Sua madre però gli fece cenno di fermarsi e questo per Louis voleva dire una delle sue tante zie che non vedeva l’ora di parlare con il suo nipotino. Tutti i suoi parenti francesi avevano una straordinaria tendenza ad immaginarlo come un poppante e trattarlo come tale. D’altronde, l’ultima volta che lo avevano visto avrà avuto una decina d’anni.

Si rassegnò ad attendere pensando a qualche frase con cui stupire il suo interlocutore. Forse poteva cominciare a raccontare la serata precedente per poi sfumare negli litri di alcolici bevuti. Avrebbero smesso di aspettarsi un decenne, magari.

“Nicholas” disse sua madre passandogli il telefono.

Già, la mamma parlava francese anche con lui, pensò Louis molto più felice.

“Andiamo in un bar stasera?” Esordì l’altro non appena ebbe sentito la sua voce.

“Saresti la mia anima gemella se io fossi gay. Mi sgancio dalla famiglia e arrivo a casa tua” lo rassicurò buttando giù il telefono dopo un biascicato assenso.

Dopo mezz’oretta Louis, in sella al suo Monster Ducati rosso fiammante, già strombazzava sotto casa di Nick.

Il ragazzo uscì di casa con già in testa il casco. Ma da quando Nick per andare al bar metteva il casco, con il rischio di dimenticarlo ovunque?
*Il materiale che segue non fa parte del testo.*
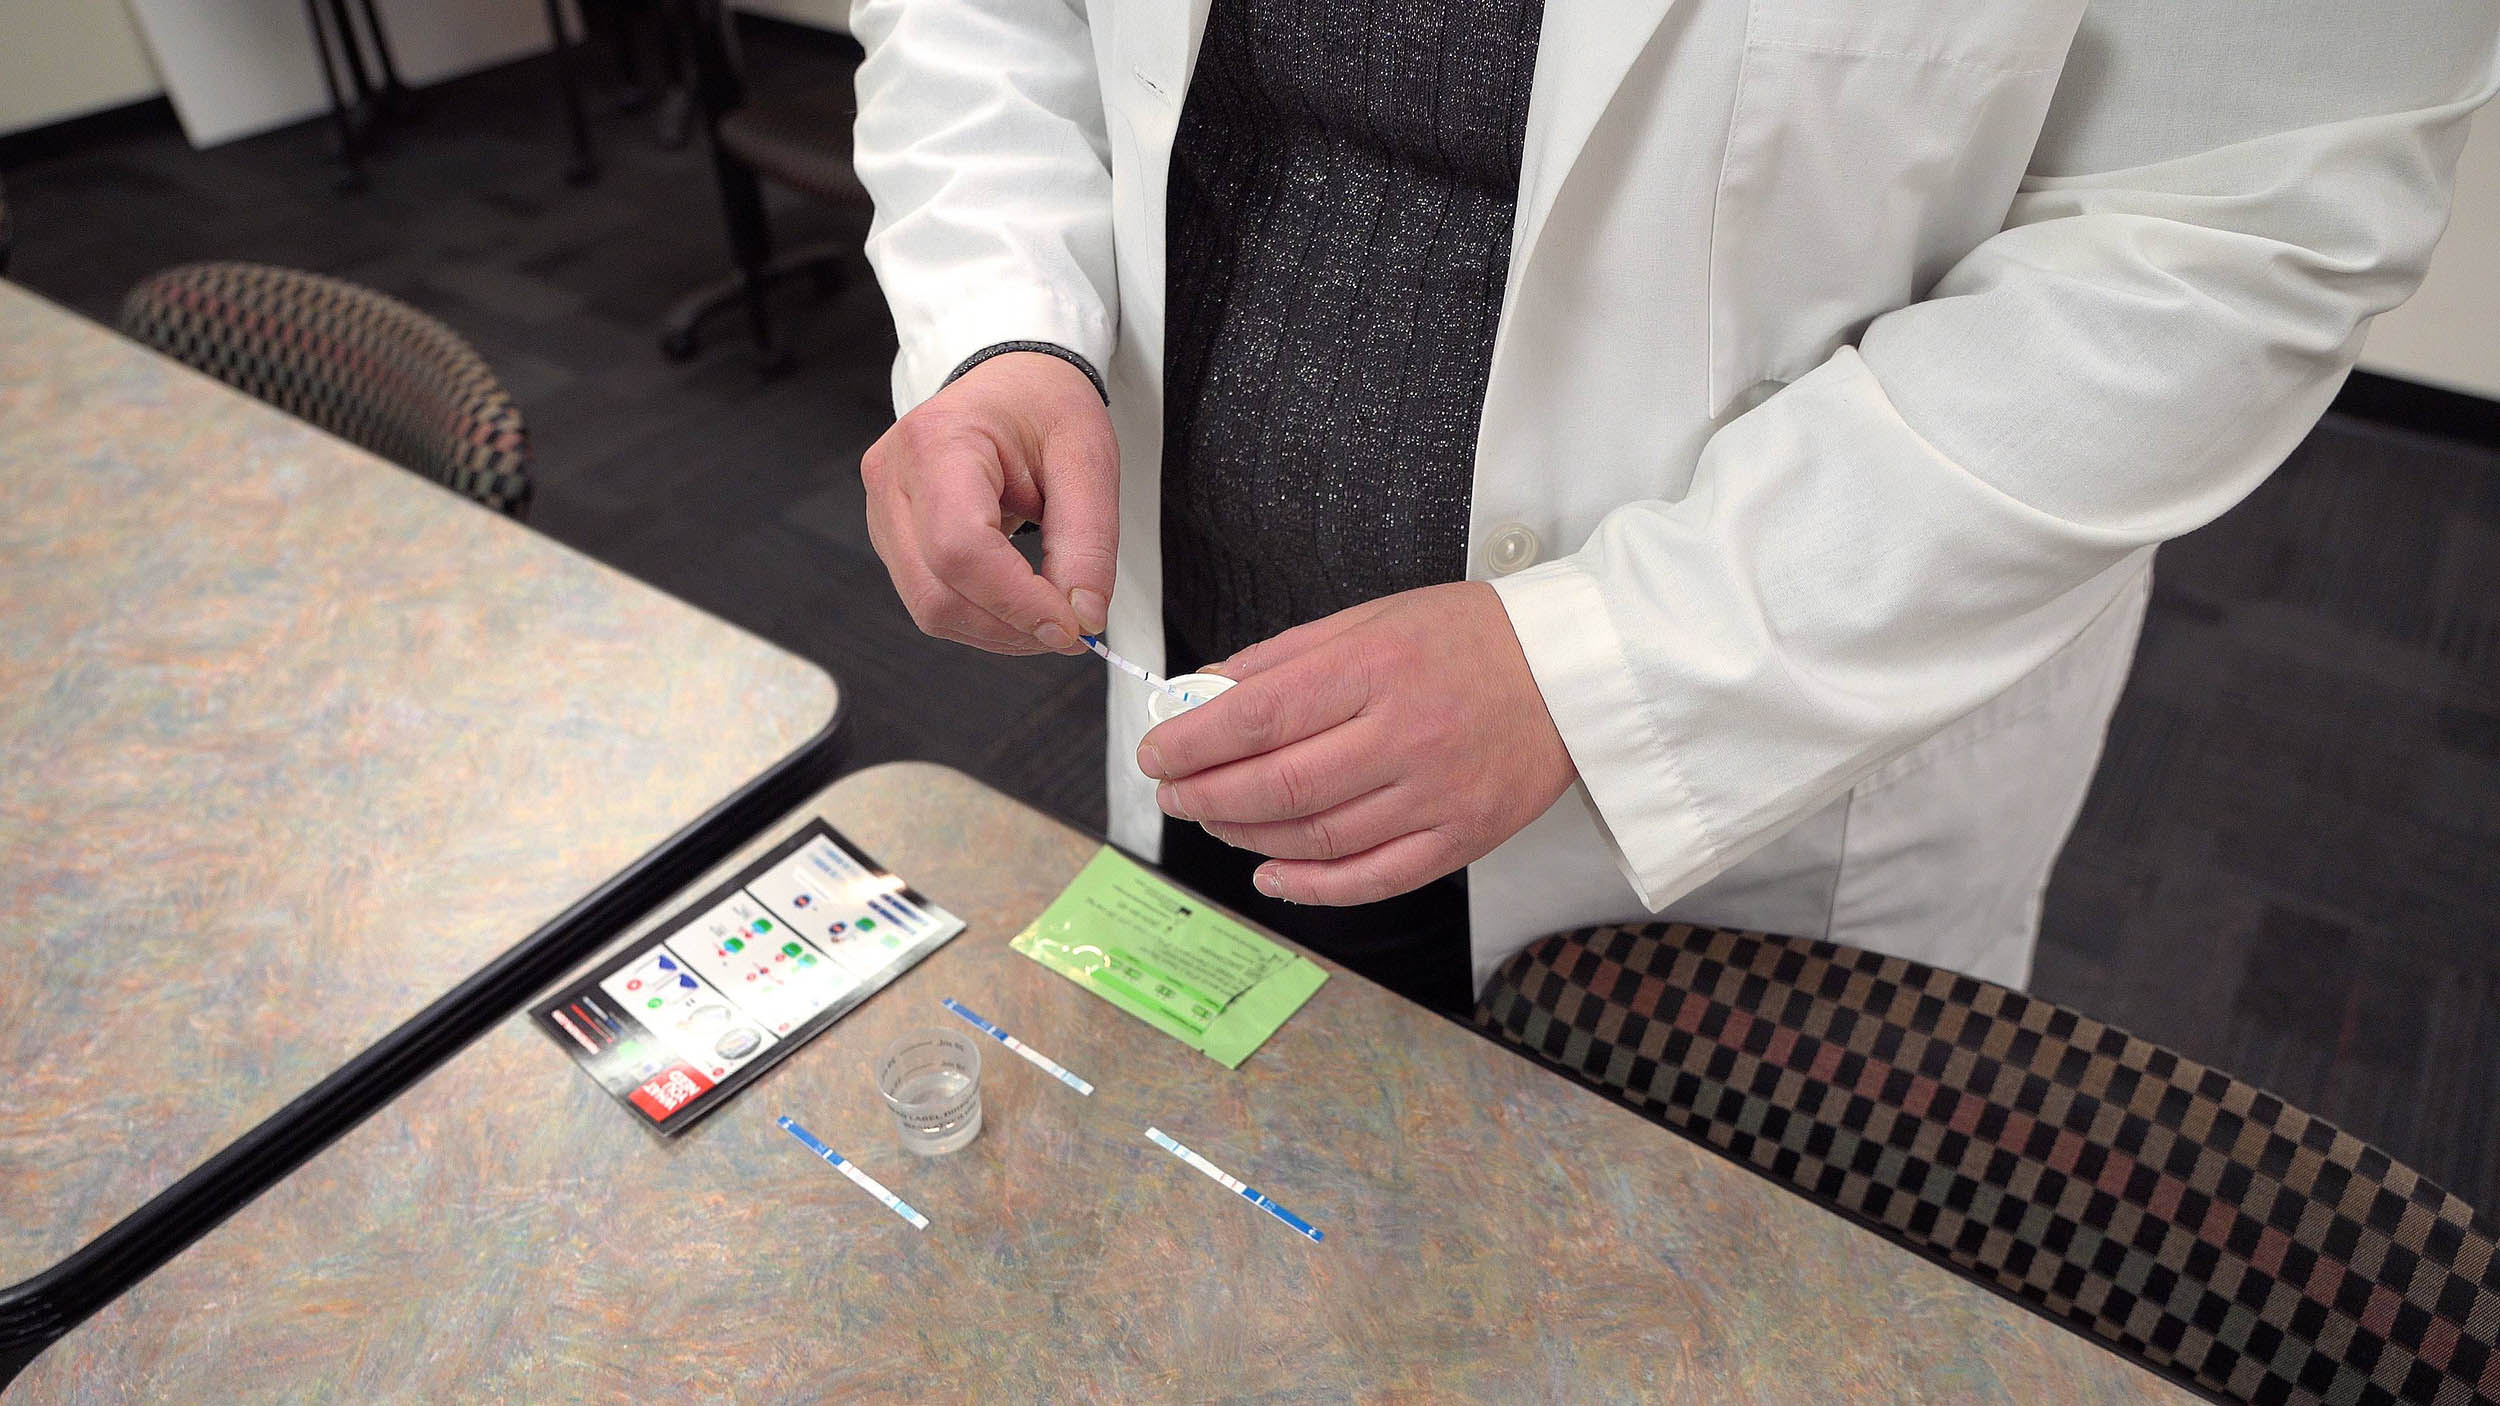 A medical professional showing off a fentanyl testing strip
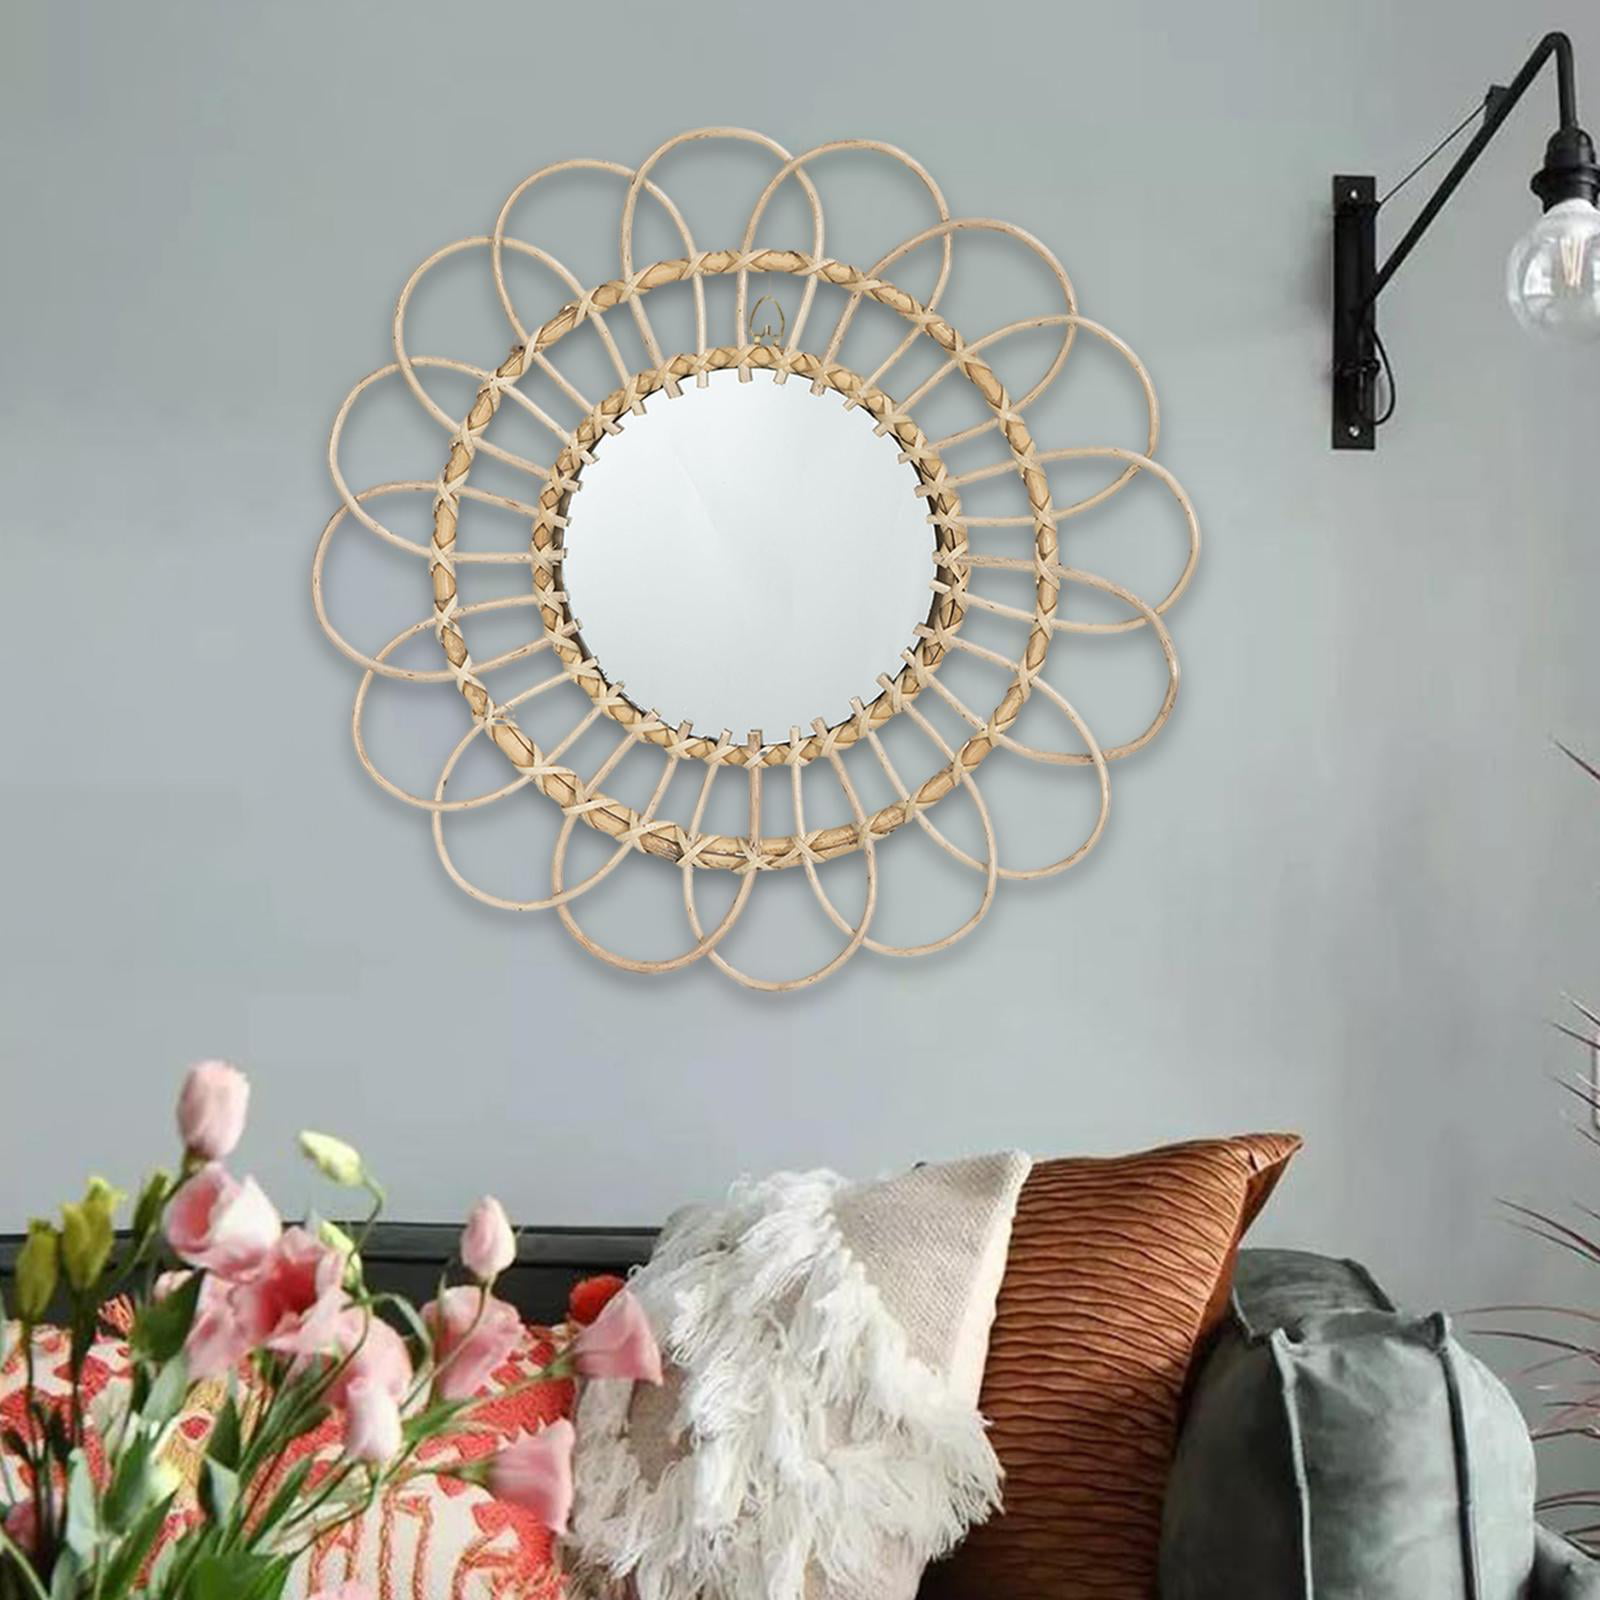 Decorative Round Mirror, Mirror Work, for Living Room, for Bathroom, Wall  Decor Item, Handmade Artwork, Gifting Item, Hand-painted Artwork

Dopo aver tirato fuori la moto dalla rimessa, l’amico gli fece cenno di partire. Louis avrebbe dovuto anche scegliere il locale e optò per il più vicino. Perché prima o poi Nick sarebbe dovuto tornare a casa per posare quel maledetto elmetto.

Arrivati nel piccolo parcheggio, un’occhiata gli rese subito abbastanza chiaro perché avesse deciso di coprirsi la testa. “Di cosa ti sei fatto? E soprattutto, perché non mi hai chiamato?” chiese subito alludendo agli occhi rossi.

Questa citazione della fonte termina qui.